→ About this task
For this exercise, write out the full listing that follows exactly and skip its pictures.

→ Provided material

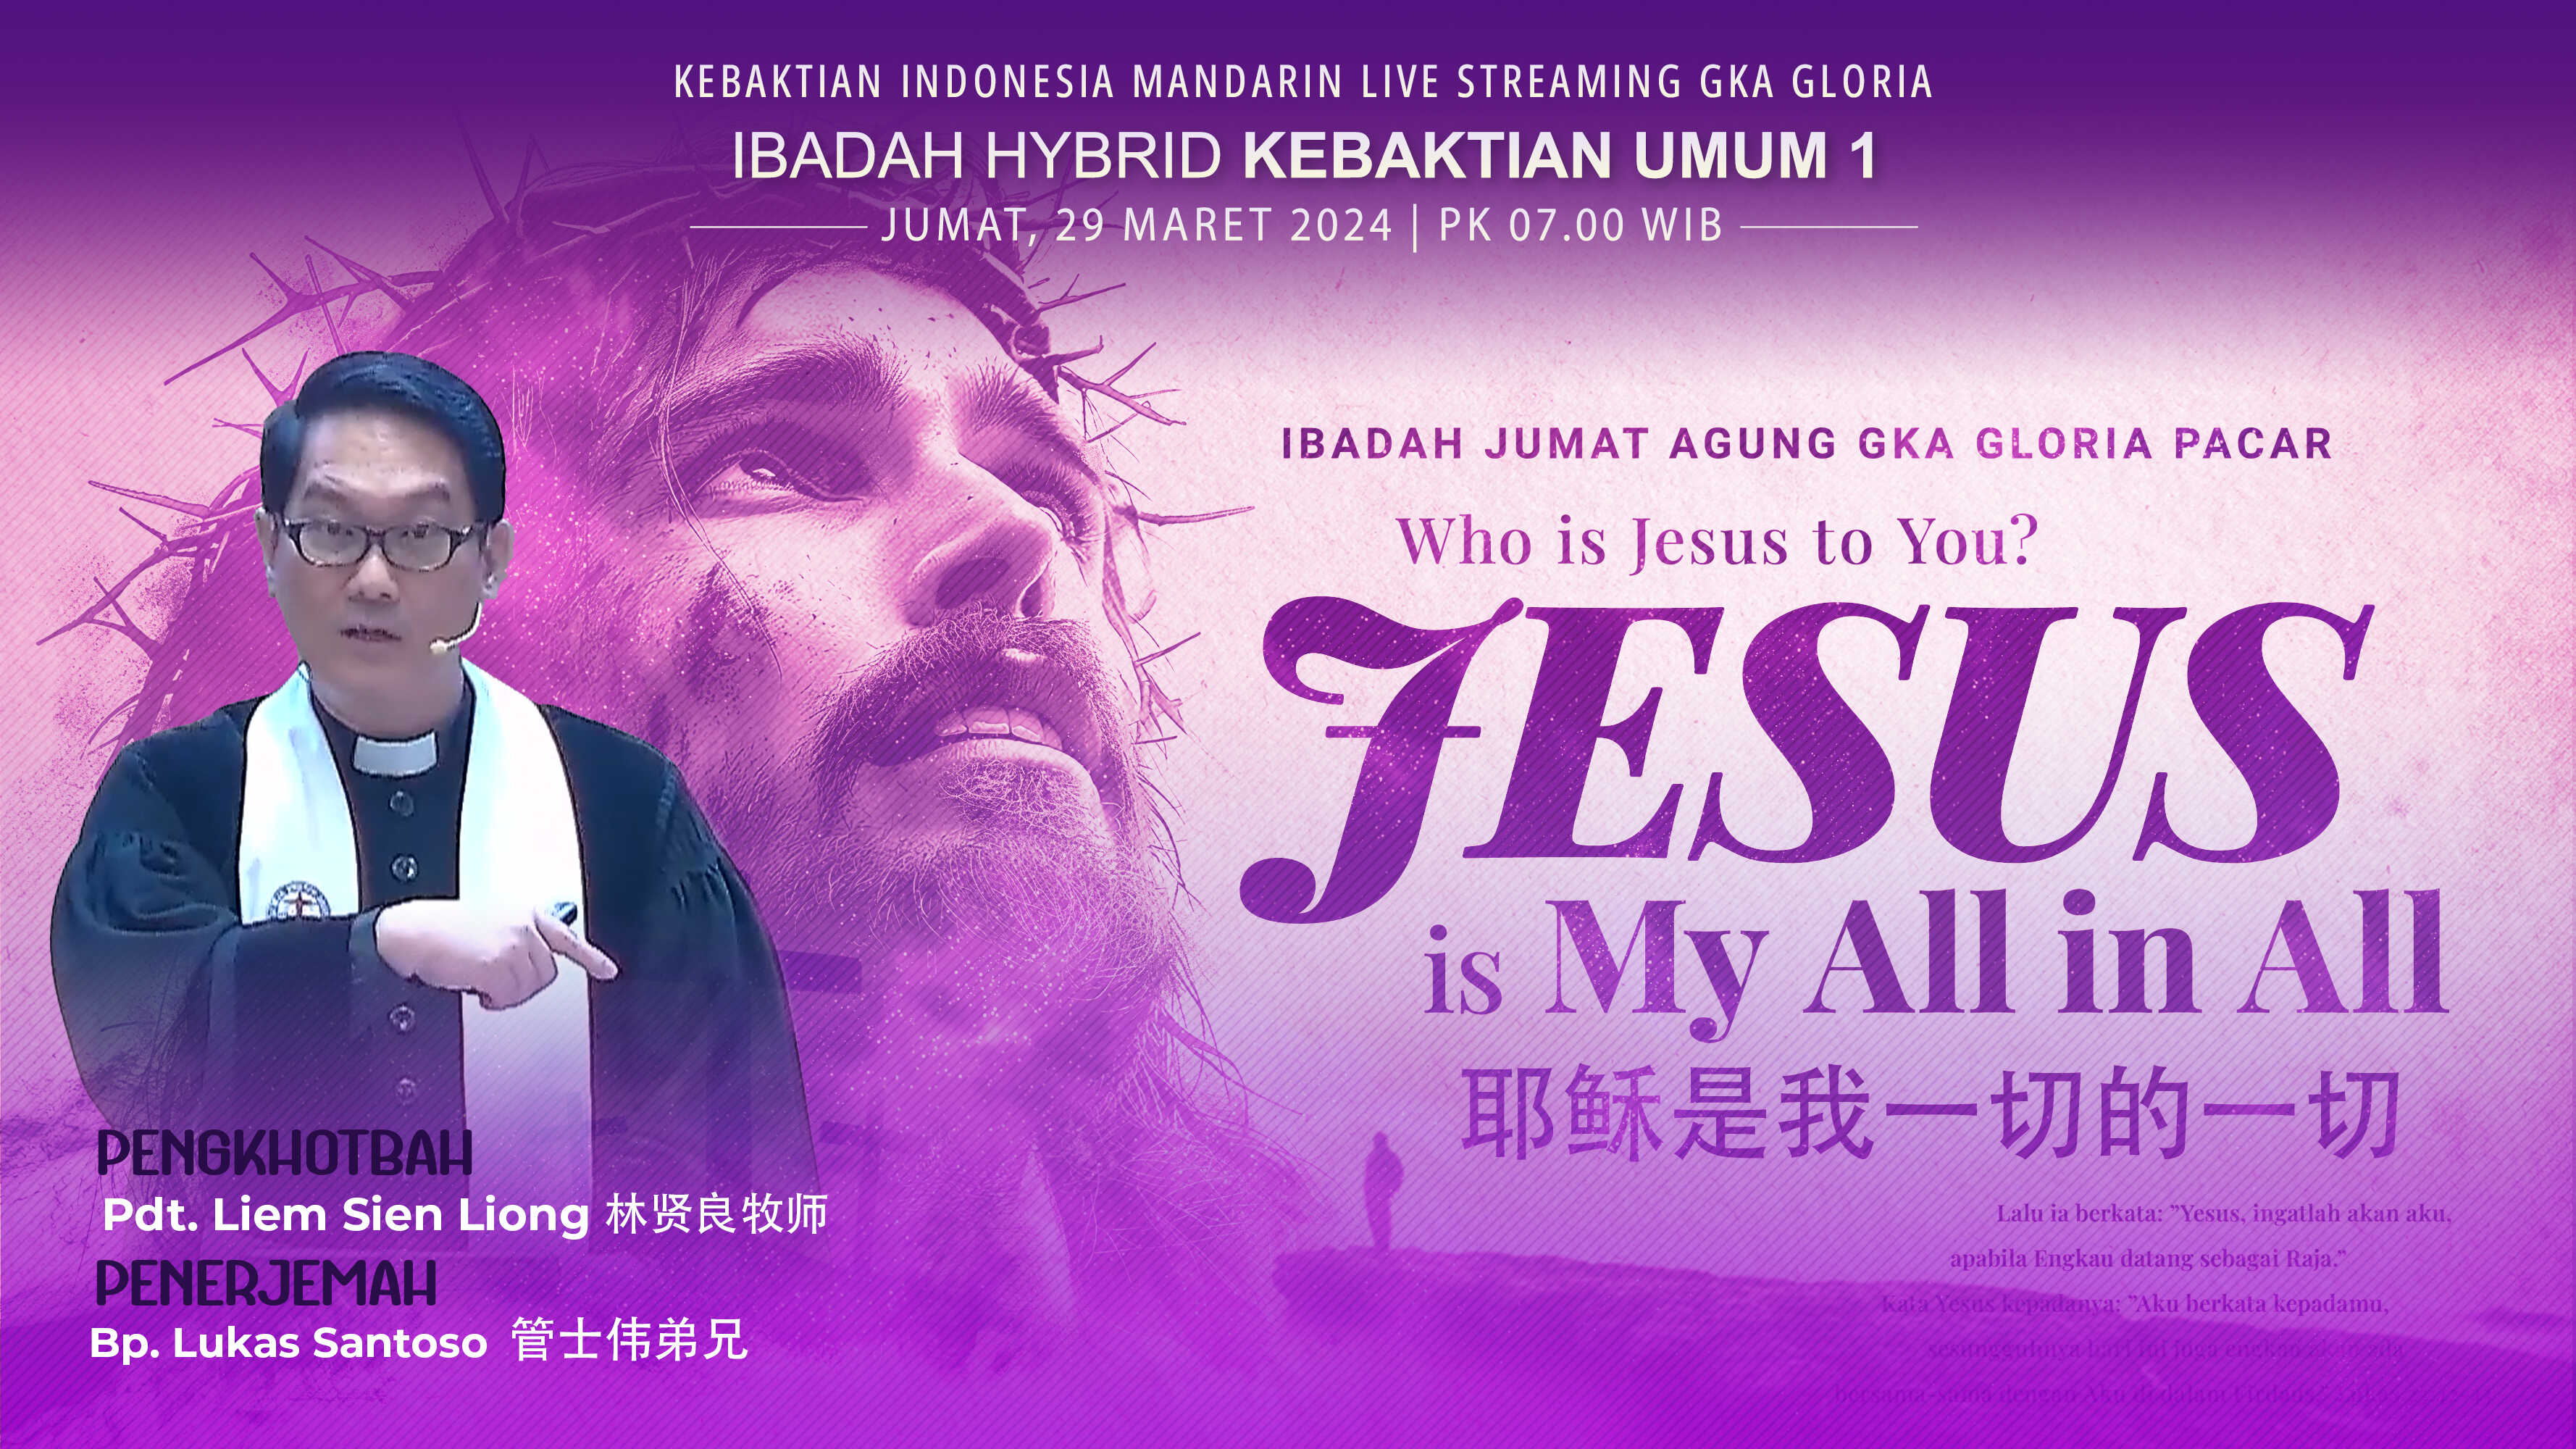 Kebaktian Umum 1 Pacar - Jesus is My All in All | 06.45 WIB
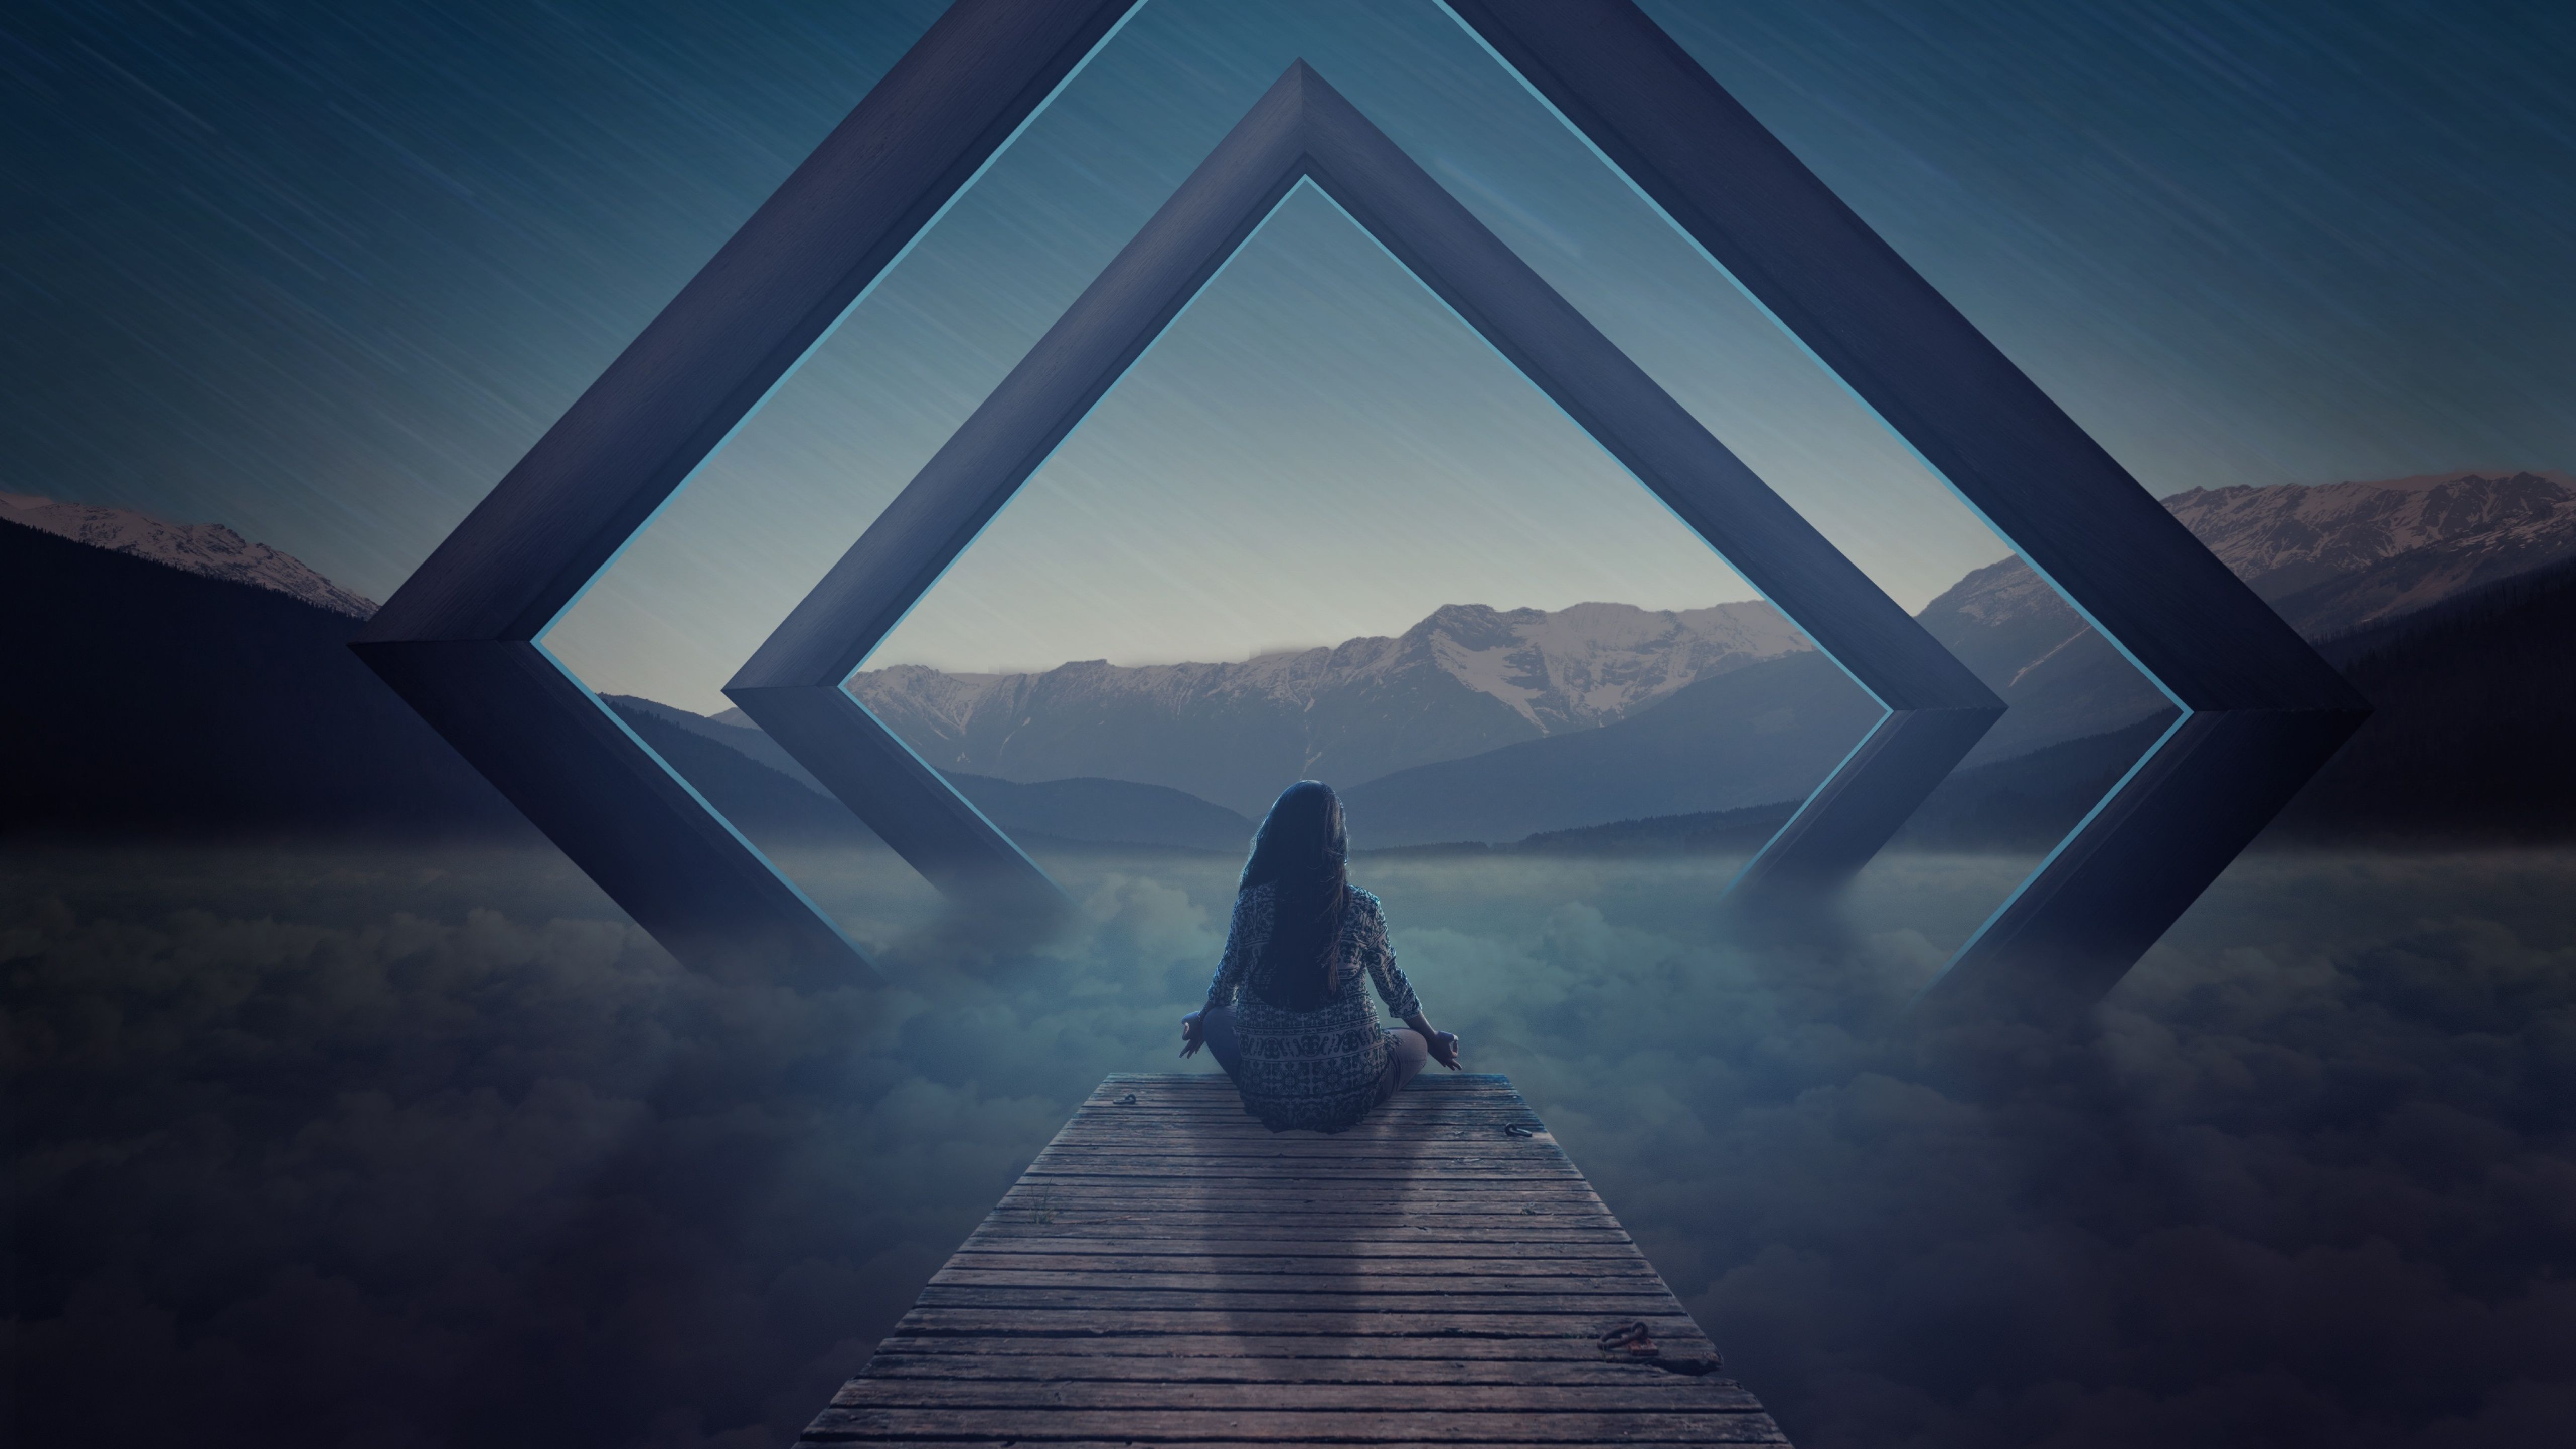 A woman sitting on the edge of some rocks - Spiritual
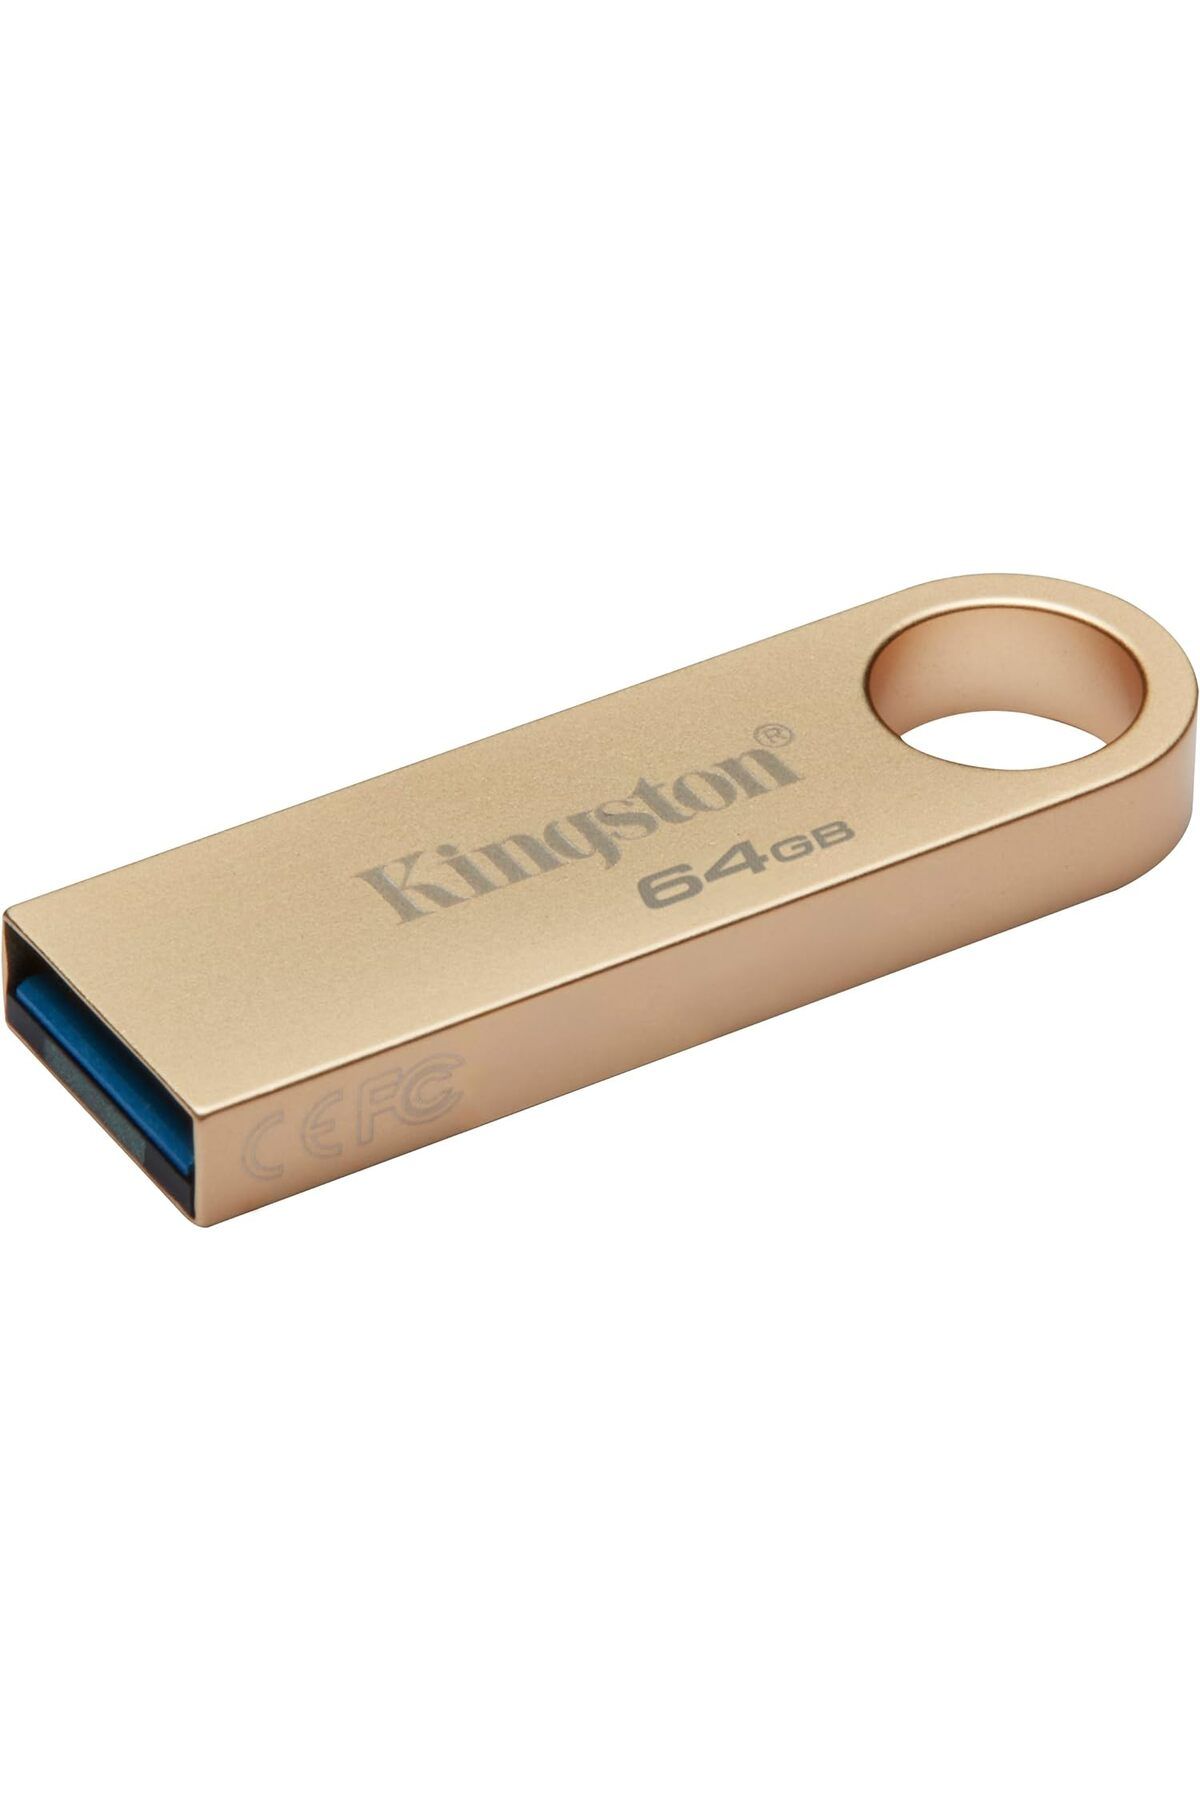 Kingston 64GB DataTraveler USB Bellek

→ Solved exercise
 Kebaktian Umum 1 Pacar - Jesus is My All in All | 06.45 WIB
 A woman sitting on the edge of some rocks - Spiritual
 Kingston 64GB DataTraveler USB Bellek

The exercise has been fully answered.